Upgrading BOINC Server

The server of the WLDG is called dg-server2.wmin.ac.uk is the second generation of the old dg- server.wmin.ac.uk which was used also in the EDGES project. The whole debian system has been upgraded to Debian Squeeze (6.0). In order to accommodate the requirements of the EDGI project, both the SZTAKI Local Desktop Grid and the 3G Bridge packages had to be upgraded to the newest version. As a result the boinc-server2 and boinc-skin-ldg packages have been upgraded to version 1.6.11.0+r18946-11, whilst the 3G Bridge package has been replaced with version 1.9-1. In both cases we used the SZDG APT repository for Debian Squezze to obtain the packages.

Setting Up a New 3G Bridge The currently installed WS-PGRADE portal in Westminster is version 3.4.5 which requires at least version 1.8 of the 3G Bridge to be installed. This requirement clashes with the requirement of the EDGI project that specified the version 1.8 bridge release as the required minimum version for BOINC based DGs.

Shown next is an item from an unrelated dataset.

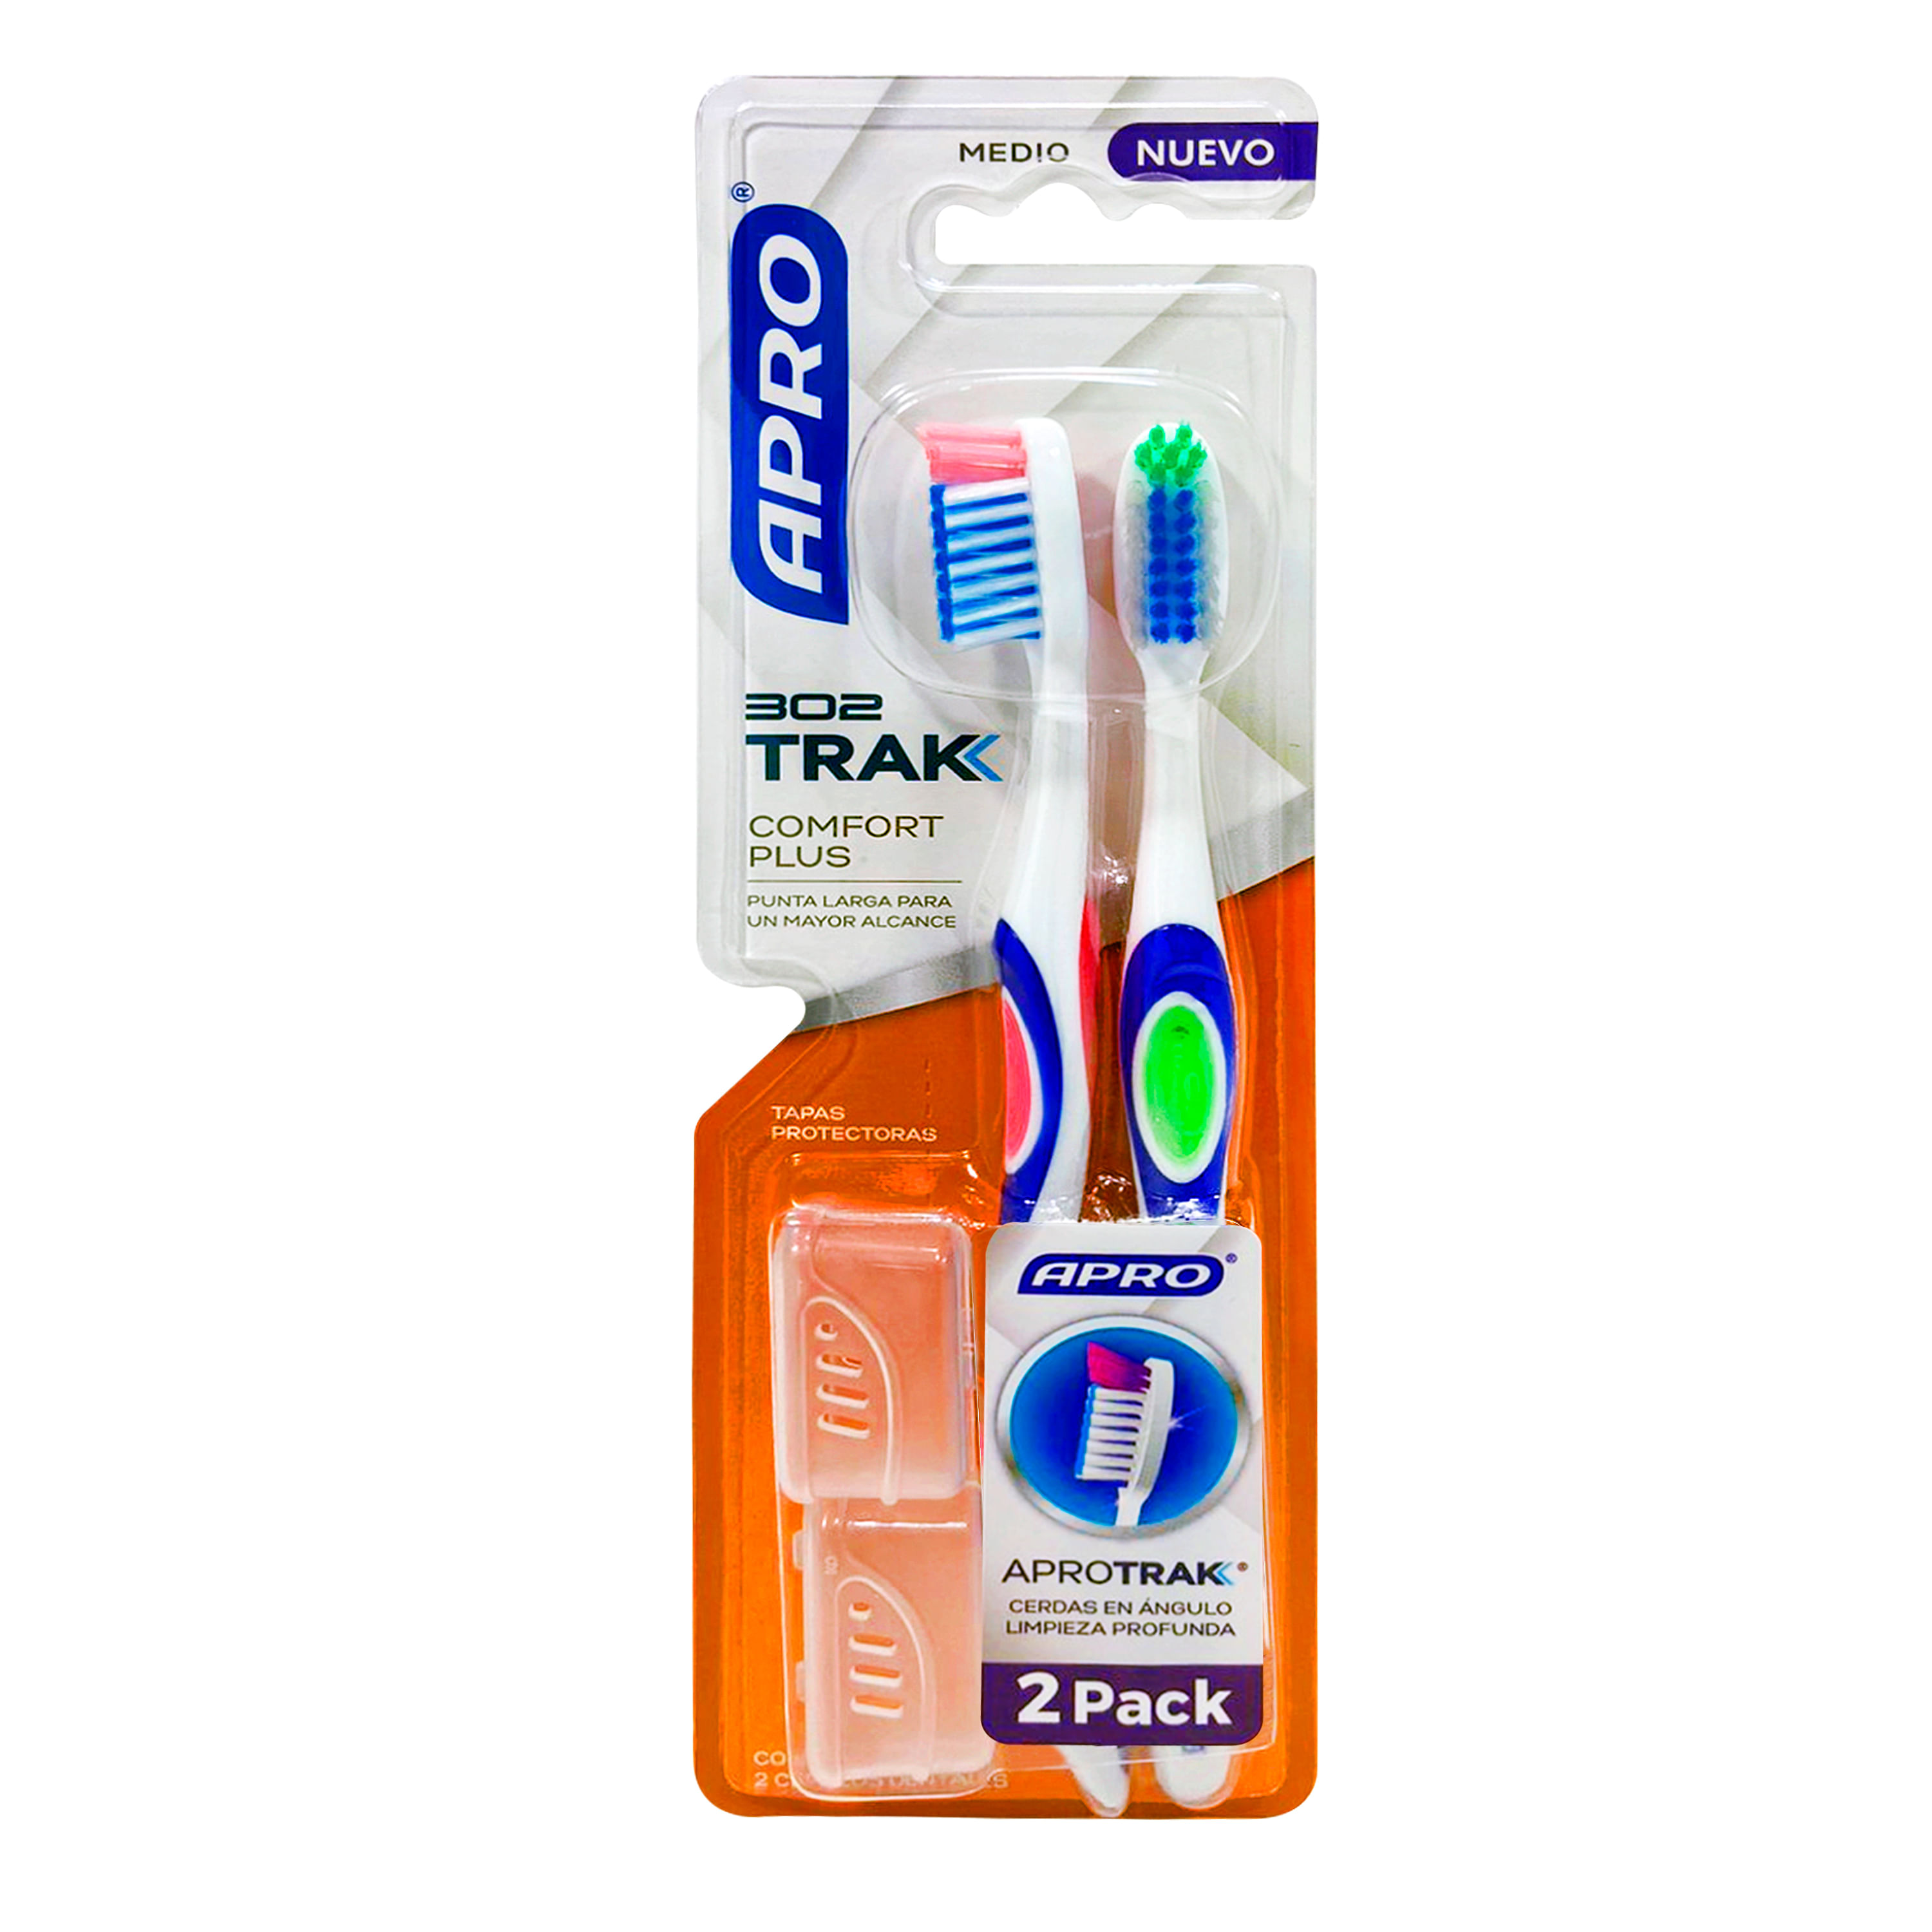 Comprar 2 Pack Cepillo Dental Apro Comfort Plus Medio, Walmart Costa Rica  - Maxi Palí

The initial solution was to deploy a second bridge on the dg-portal machine. For this purpose an additional 3G Bridge had been deployed manually. This bridge was 1.02 version. Similarly to the production bridge it submits work to the main BOINC project so the jobs could be computed on any of the 1600 PCs connected to the WLDG. Currently, the WS-PGRADE portal works directly with the 1.9.1 3G Bridge version installed on the dg-server2.wmin.ac.uk server using the new DCI bridge technology.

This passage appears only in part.